REPUBLIKA.CO.ID, SEMARANG—Pengelolaan Daerah Aliran Sungai (DAS) yang ada di Jawa Tengah diusulkan menjadi satu sistem pengelolaan yang terpadu. Selama ini, pengelolaan DAS yang ada di daerah ini dibagi menjadi sejumlah kewenangan.
Hal ini dinilai menjadi hambatan bagi pihak- pihak yang berkepentingan dalam melakukan penanganan berbagai persoalan yang terkait dengan irigasi maupun langkah- langkah penanganan banjir.
Wakil Ketua Komisi D DPRD Provinsi Jawa Tengah, Hadi Santoso mengusulkan agar pengelolaan DAS –berikut anak sungai—yang ada di wilayah Jawa Tengah ‘dilebur’ menjadi satu sistem yang terpadu.

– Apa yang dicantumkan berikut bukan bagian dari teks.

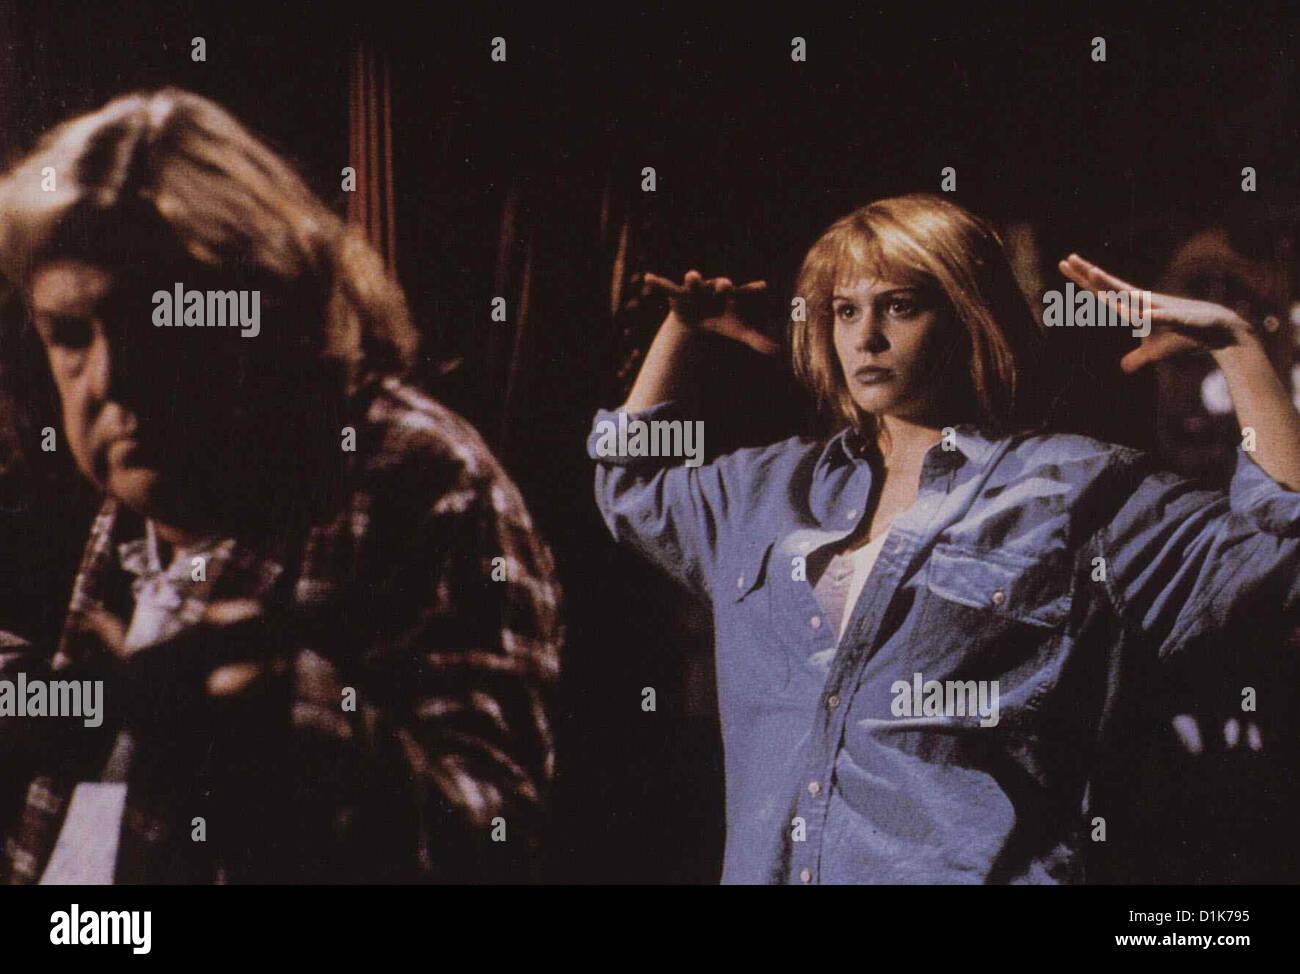 Der Toedliche Freund  Deadly Friend  Anne Ramsey, Kristy Swanson Samantha (Kristy Swanson,r) raecht sich Elvira - Stock Image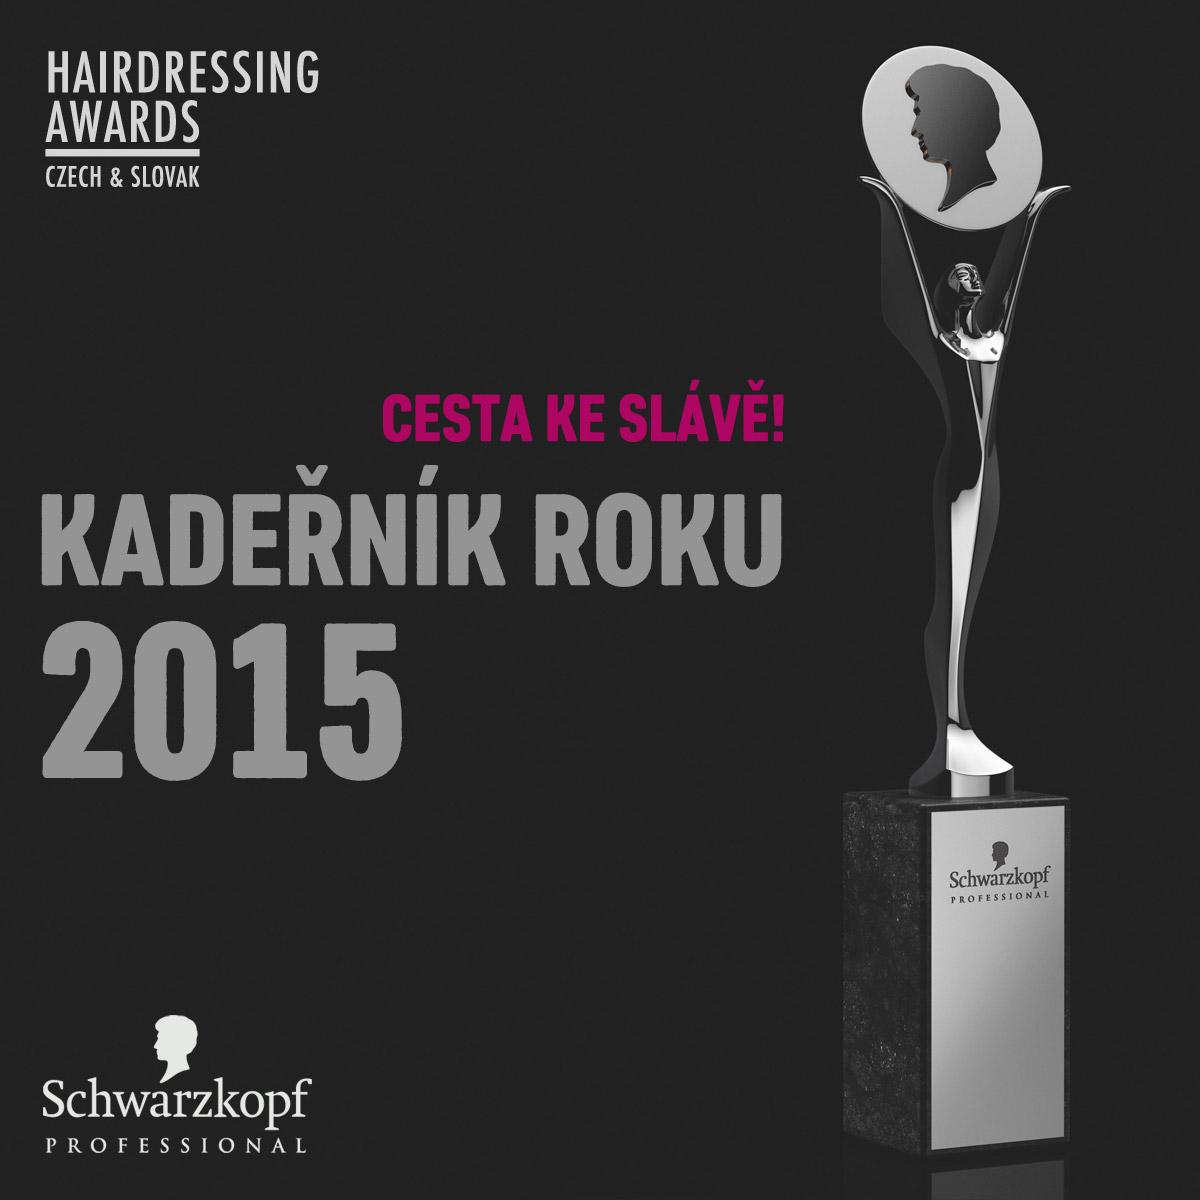 Už jen necelé dva měsíce mají čeští a slovenští kadeřníci na to, aby atakovali nejvyšší titul v kadeřnické branži – titul Kadeřník roku 2015.

“Sebab salah satu penyebab lambannya penanganan maupun solusi terkait dengan jangkauan irigasi serta banjir –tak lain-- adalah wewenang pengelolaan sungai serta anak sungai yang terpisah- pisah,” ujarnya di Semarang, Senin (17/4).
Berdasarkan data Dinas PU-PSDA, jumlah DAS di Jawa Tengah --sesuai dengan Peraturan Presiden (Perpres) Nomor 12 Tahun 2012 tentang Penetapan Wilayah Sungai, mencapai 202 DAS.
Adapun pengelolaaannya dibagi menjadi beberapa Balai Besar Wilayah Sungai (BBWS) di bawah Kementerian Pekerjaan Umum dan Perumahan Rakyat (PUPR). Masing- masing BBWS Pemali Juana, BBWS Serayu Opak, BBWS Bengawan Solo, dan BBWS Cimanuk-Cisanggarung.
Ia mencontohkan, selama ini permasalahan irigasi sekunder diserahkan kepada Perkumpulan Petani Pemakai Air (P3A). Namun, di lapangan, P3A tidak memliki otoritas untuk menyelesaikan jika terjadi kendala pada saluran irigasi tersebut.
Berdasarkan data yang dimiliki Pemerintah Provinsi (Pemprov) Jawa Tengah, masih jelas Hadi, DAS yang menjadi kewenangan pemerintah kabupaten dan P3A lebih banyak yang rusak dibandingkan dengan DAS yang menjadi kewenangan pemerintah provinsi.
“Komisi D sedang mengusulkan irigasi sekunder yang sebelumnya diserahkan P3A dan pertanian agar dikembalikan ke Dinas Pekerjaan Umum dan Pengelolaan Sumber Daya Air (PU-PSDA) di provinsi dan kabupaten,” kata politisi Partai Keadilan Sejahtera (PKS) Jawa Tengah ini.
Jka usulan ini diterima, lanjut Hadi, konsepnya saluran irigasi sampai ke sawah menjadi tanggung jawab PU-PSDA. PU- PSDA sejauh ini hanya diberi tanggung jawab 5 kilometer dari 'intake' badan bendungan atau embung.
Padahal infrastruktur irigasi sampai ke sawah petani masih sangat panjang dan ini diserahkan kepada P3A. “Jika muncul persoalan irigasi, di lapangan jamak terjadi ‘lempar’ tanggungjawab antara P3A dan PU-PSDA,” tandasnya.
Mengenai teknis pemeliharaan, Hadi berharap P3A tetap ikut berpartisipasi. Namun harus tetap didampingi oleh PU-PSDA. Karena pemerintah tidak bisa mengelola 100 persen (semua) termasuk soal pendanaan.
Untuk pemeliharaan P3A sudah biasa mengupayakan dengan iuran gabah, uang dan lain sebagainya agar ke depan menjadi lebih baik. Karena mereka tetap memiliki kekuatan pengelolaan dan pemeliharaan.
Sedangkan untuk fungsi pemeliharaan dan operasional bisa diserahkan kepada dinas terkait. “Jadi sinergi ini akan bisa menjadi solusi bagi munculnya persoalan- persoalan yang terkait dengan irigasi,” tambahnya.
Masih terkait dengan revitalisasi dan pemanfaatan sungai, Kementerian PUPR tengah menyiapkan pembangunan Bendungan Jragung, di wilayah Kecamatan Pringapus, Kabupaten Semarang.
Pembangunan bendungan ini merupakan bagian dari program 49 bendungan yang akan dibangun Pemerintah dalam mendorong ketahanan air nasional. “Terkait dengan rencana ini Kementerian PUPR tengah menyusun dan menyelesaikan desainnya,” kata Menteri PUPR, Basuki Hadimuljono baru- baru ini.